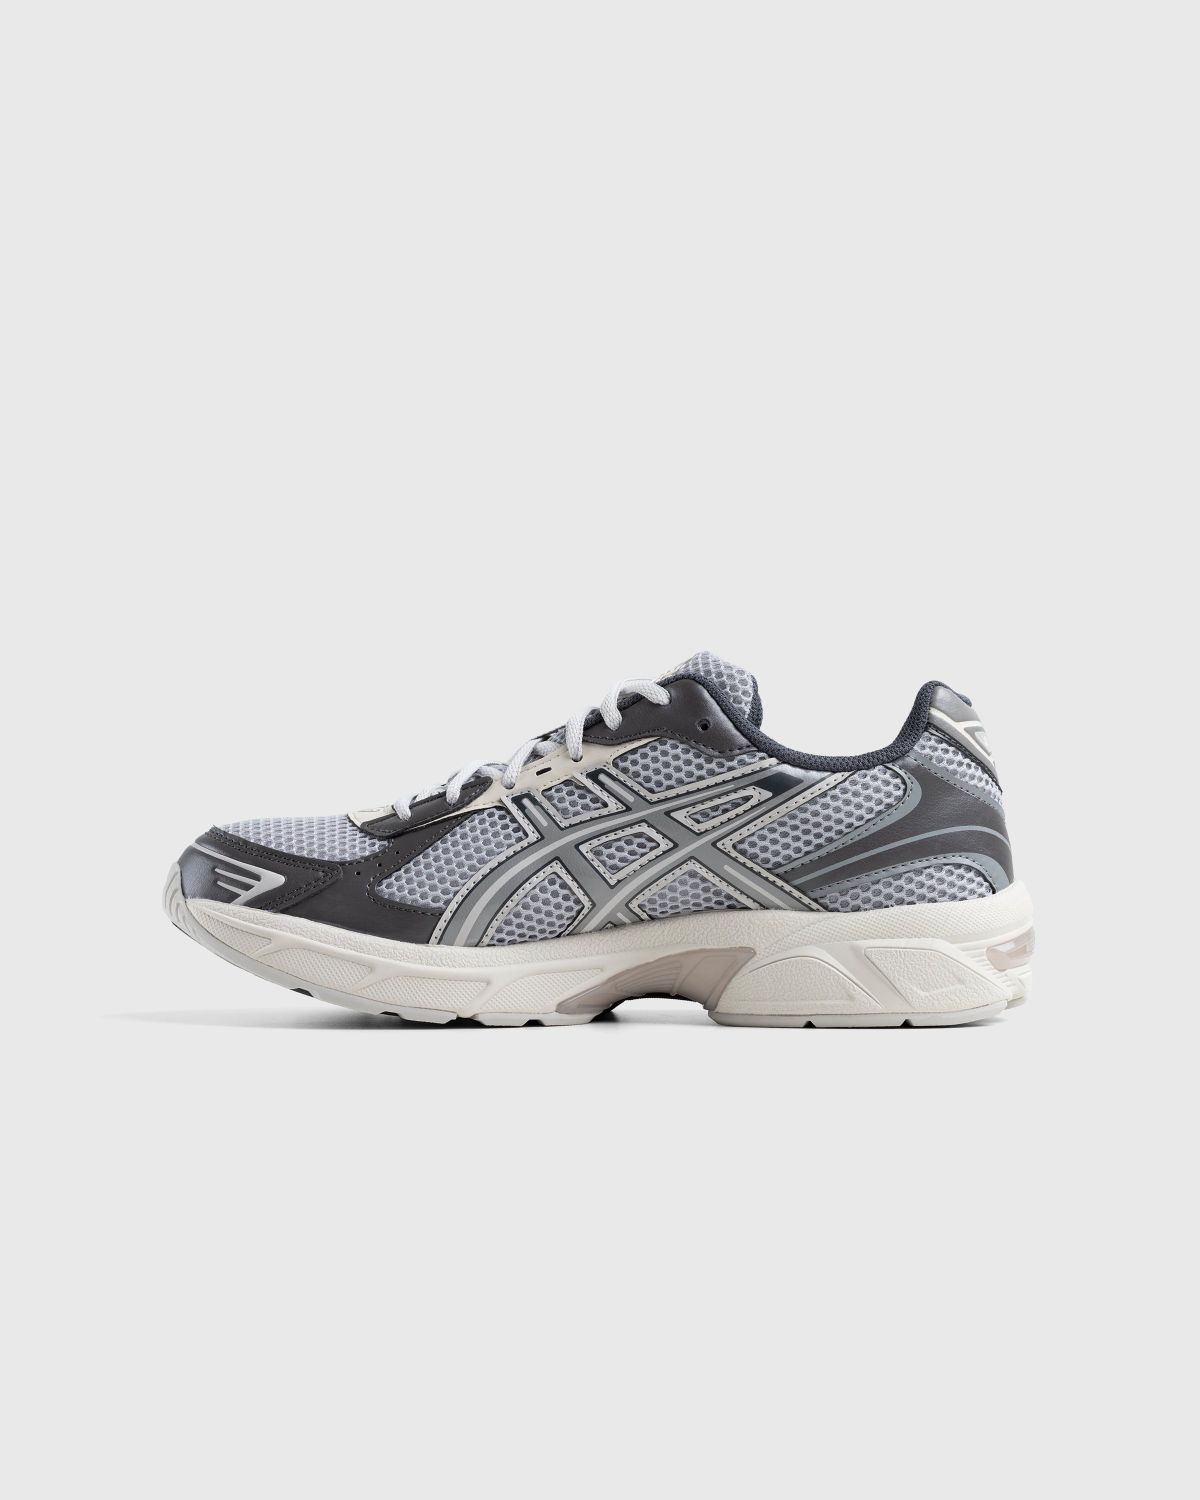 asics – Gel-1130 Oyster Grey/Clay Grey - Sneakers - Grey - Image 3
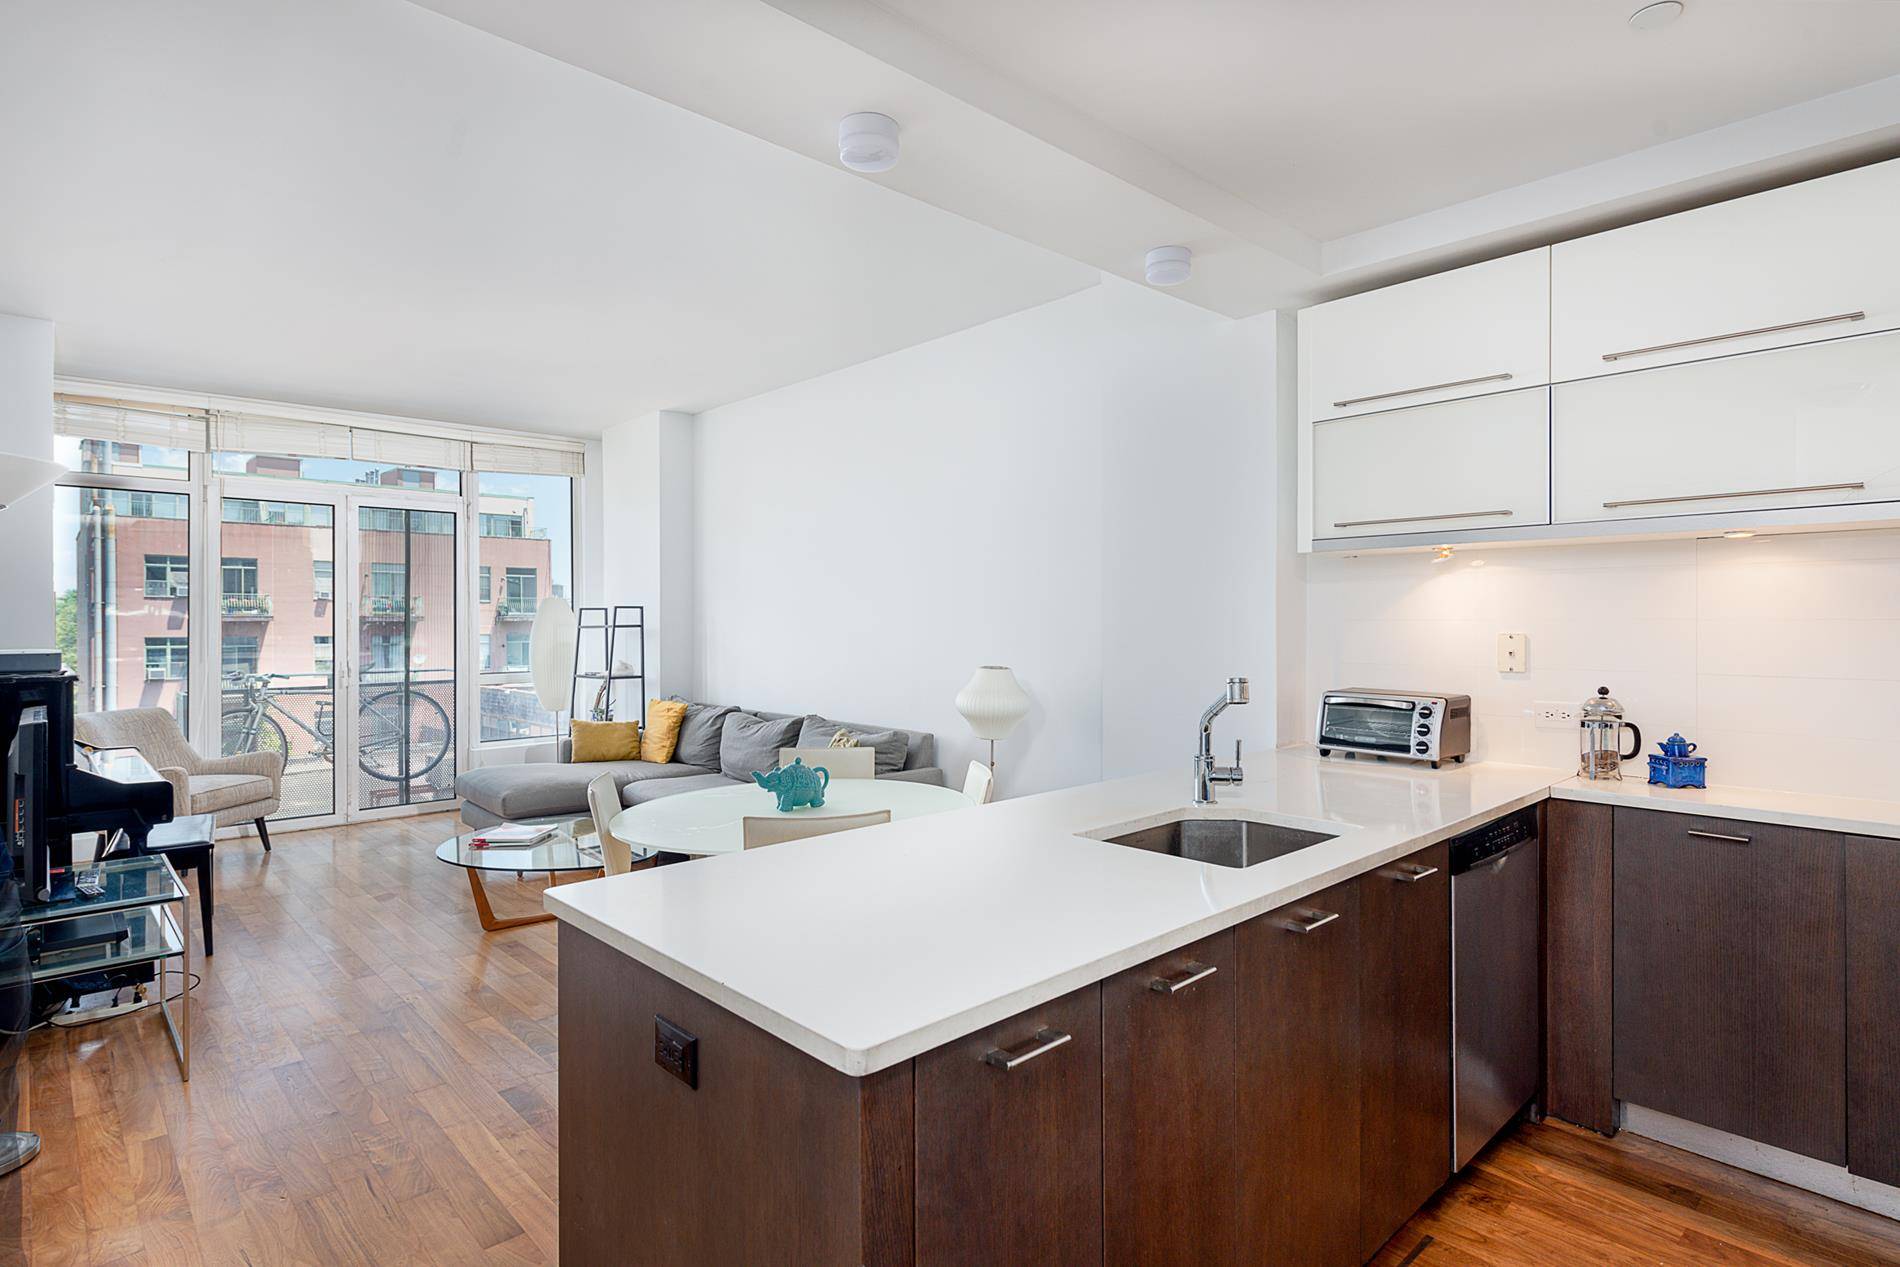 Two bedroom Condo Located On The Northside Of Williamsburg.
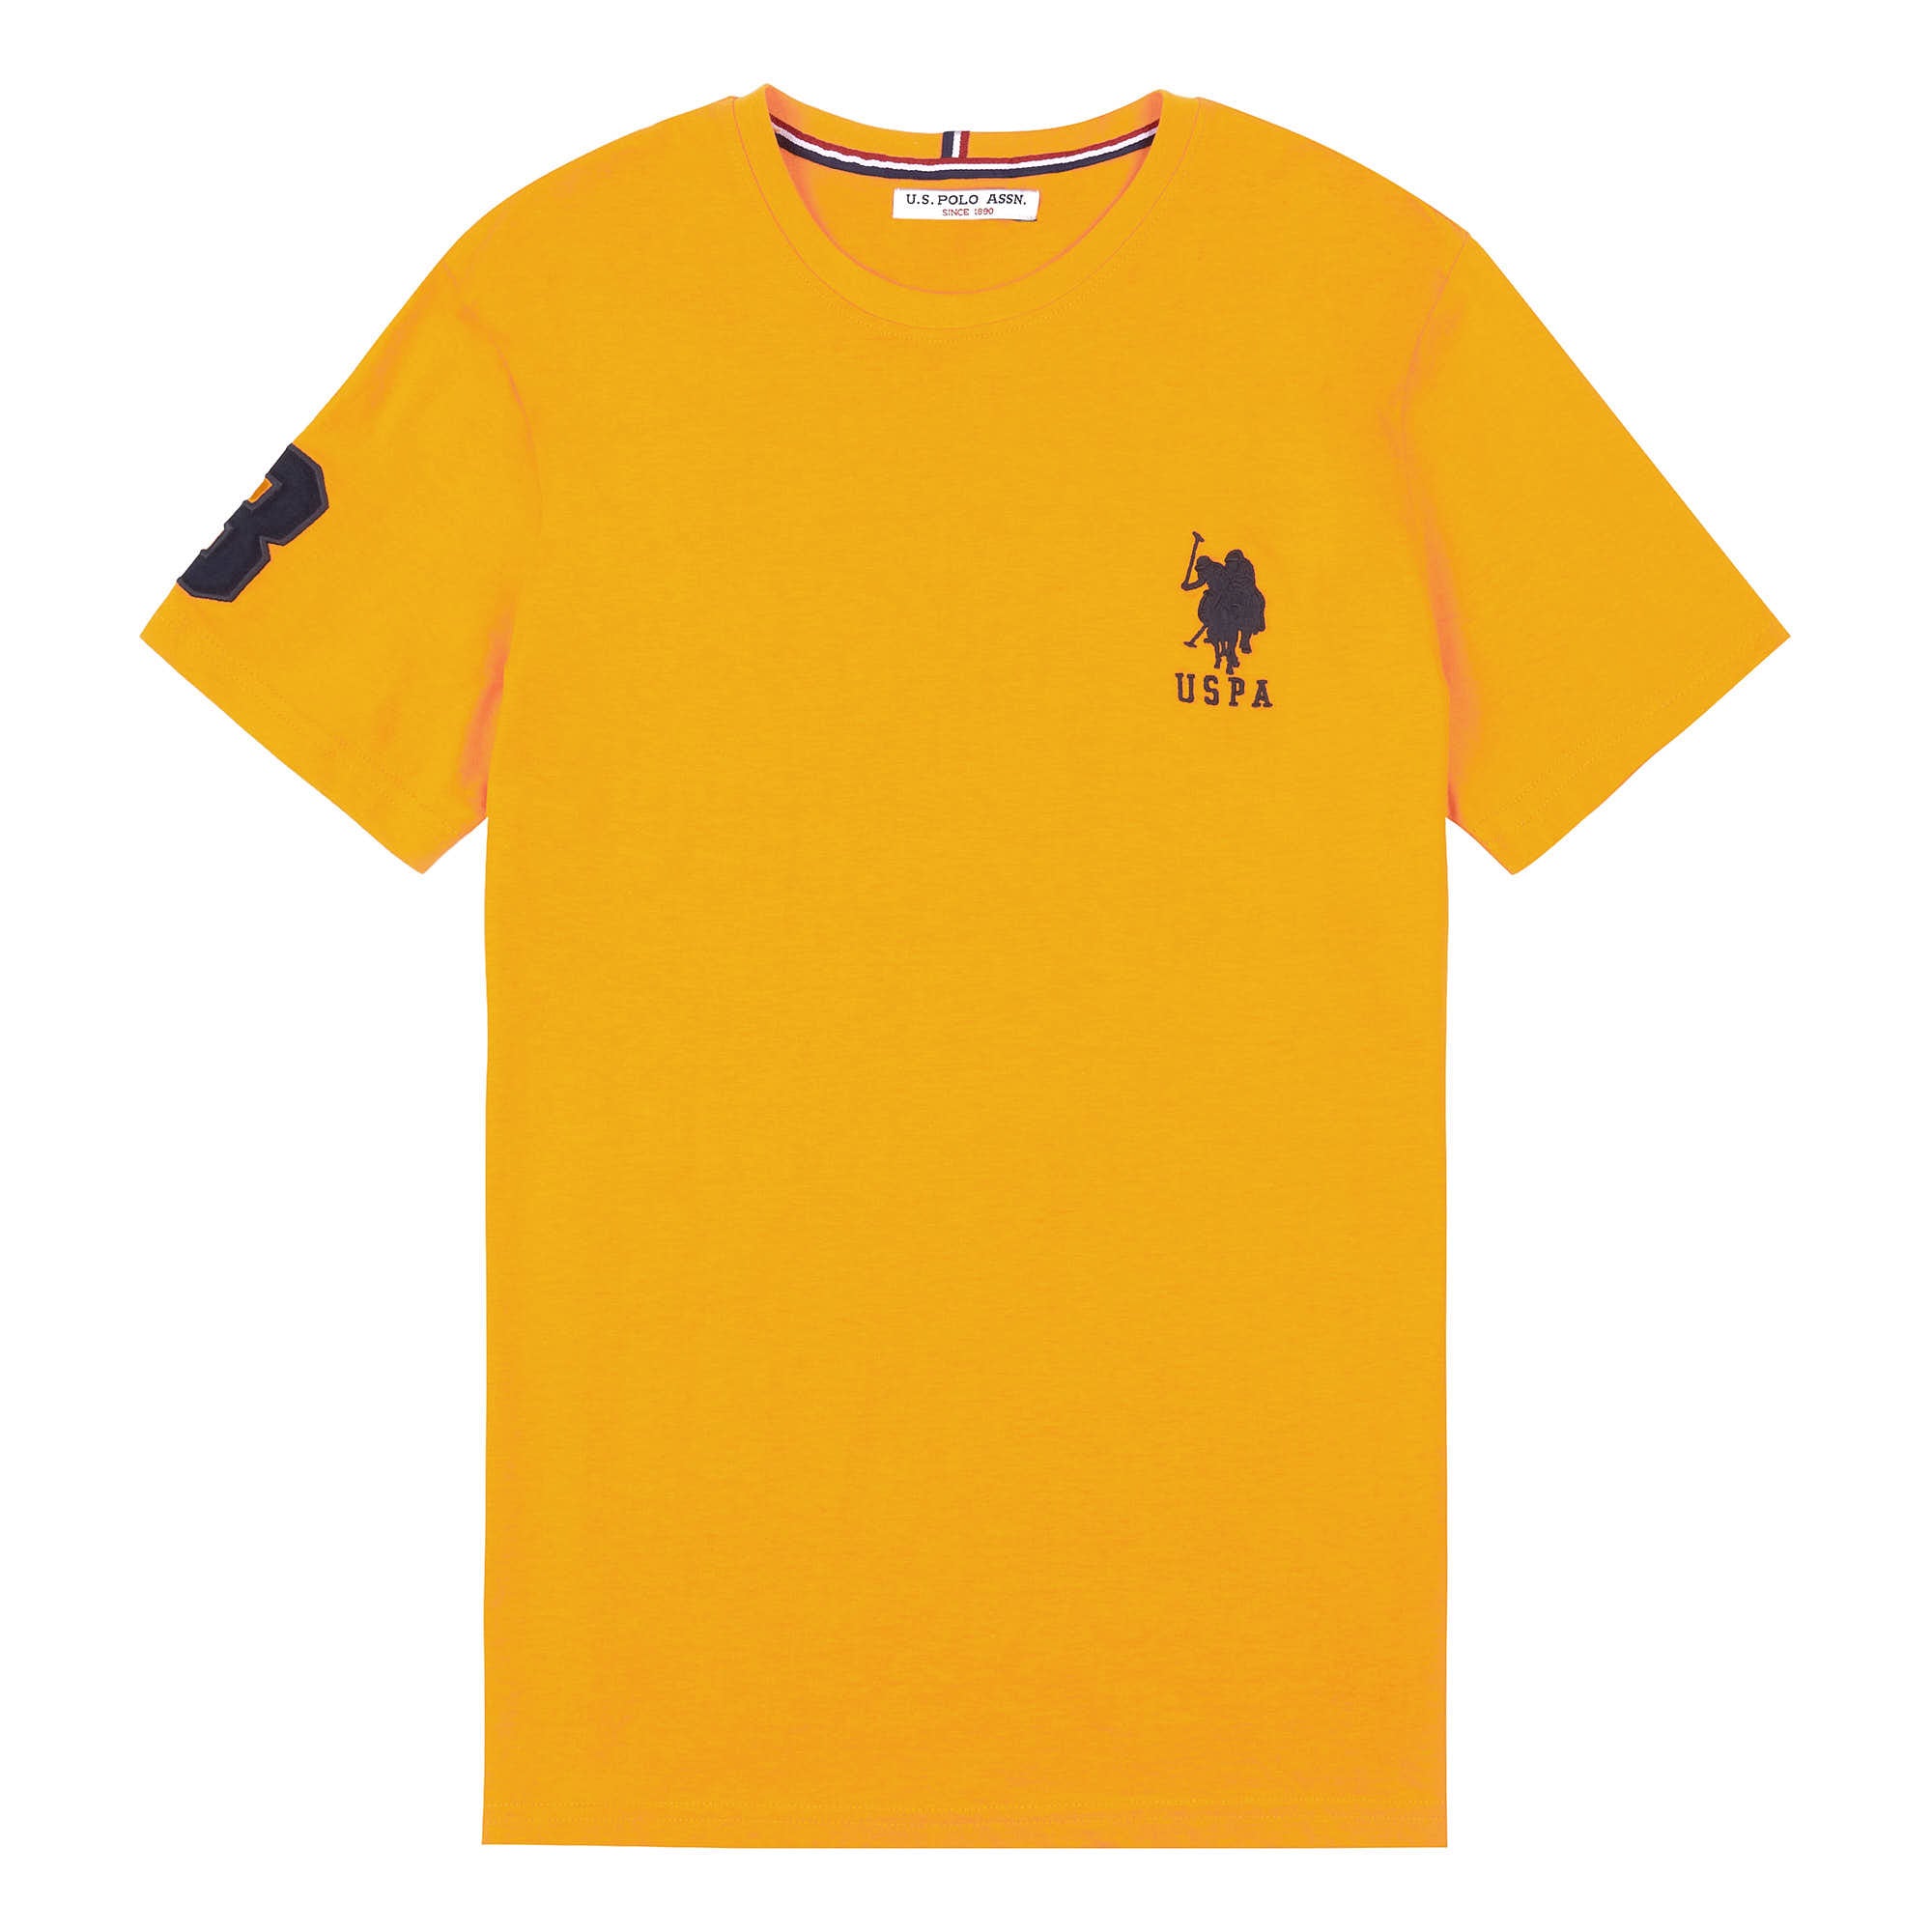 Mens Player 3 T-Shirt in Apricot
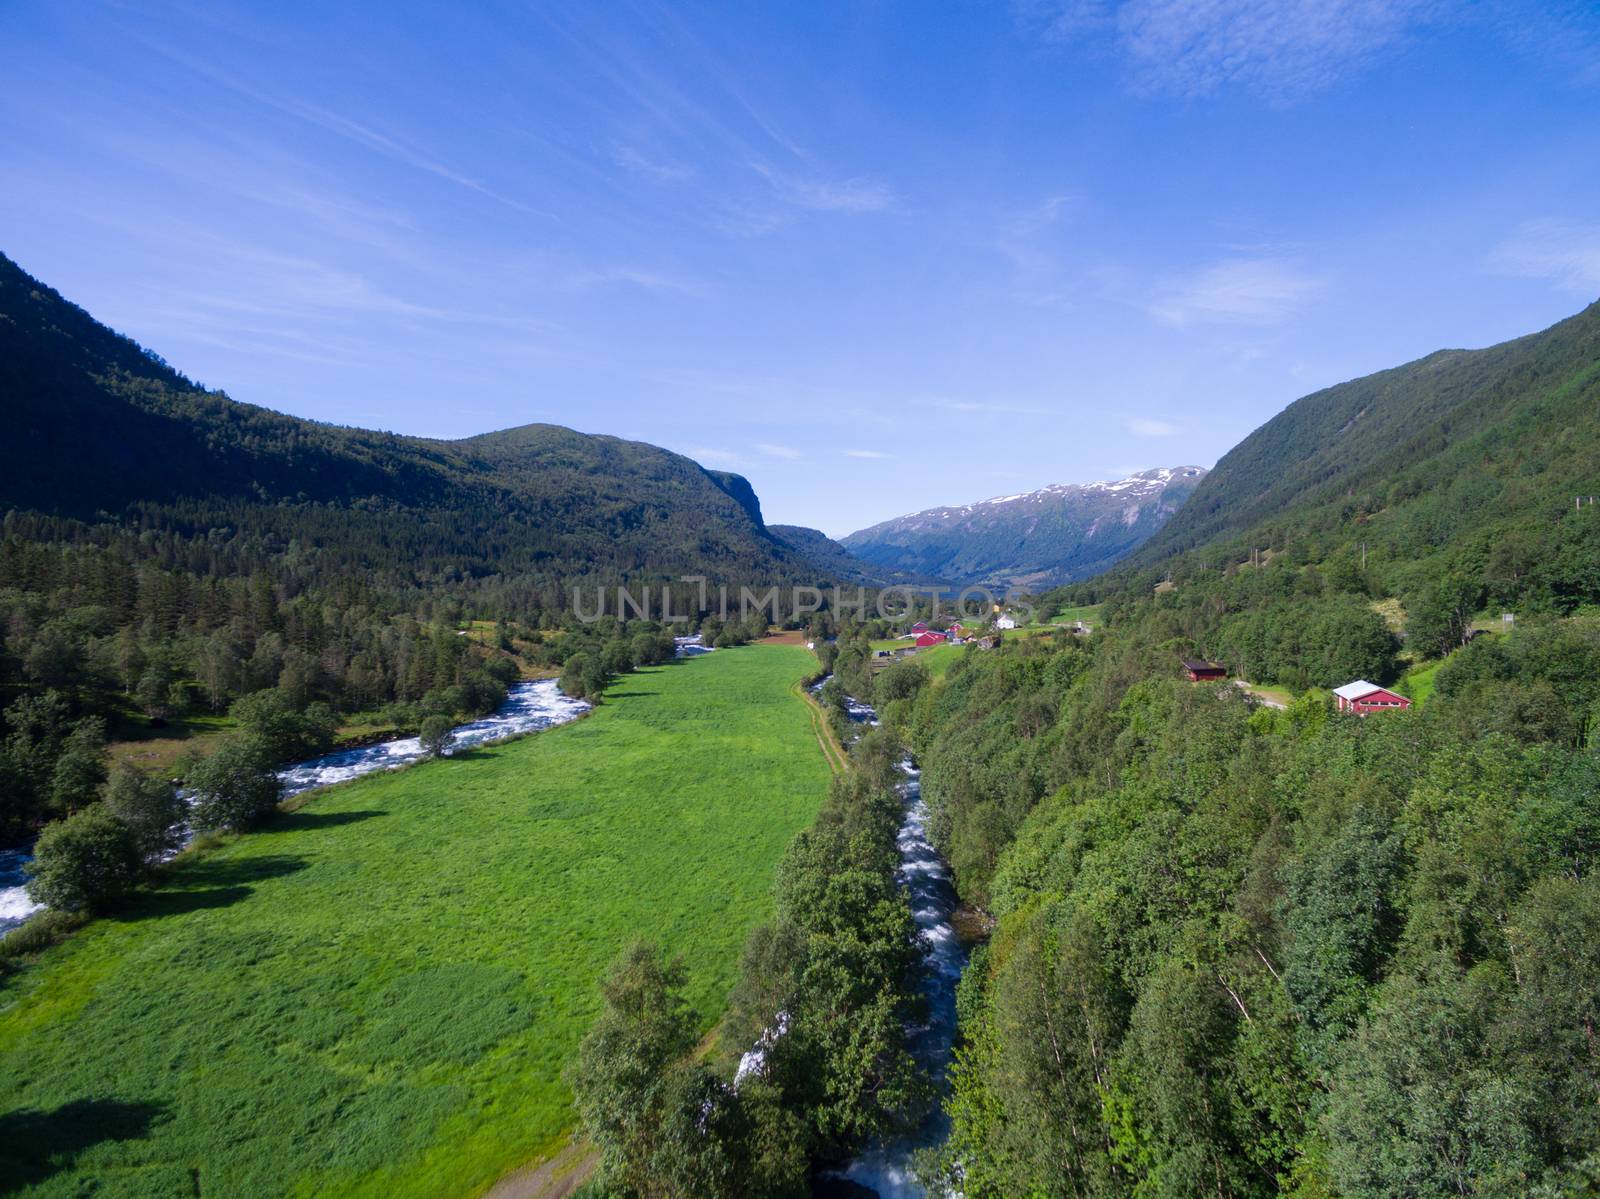 Scenic aerial view of green valley with streams in Norway

WHAT IS REQUIRED: Quote exactly the lines from the line that contains "Two bedroom Condo" through the last line of the listing, please, leaving out all pictures.

RESPONSE:
 Two bedroom Condo Located On The Northside Of Williamsburg.
 Mens Player 3 T-Shirt in Apricot
 Scenic aerial view of green valley with streams in Norway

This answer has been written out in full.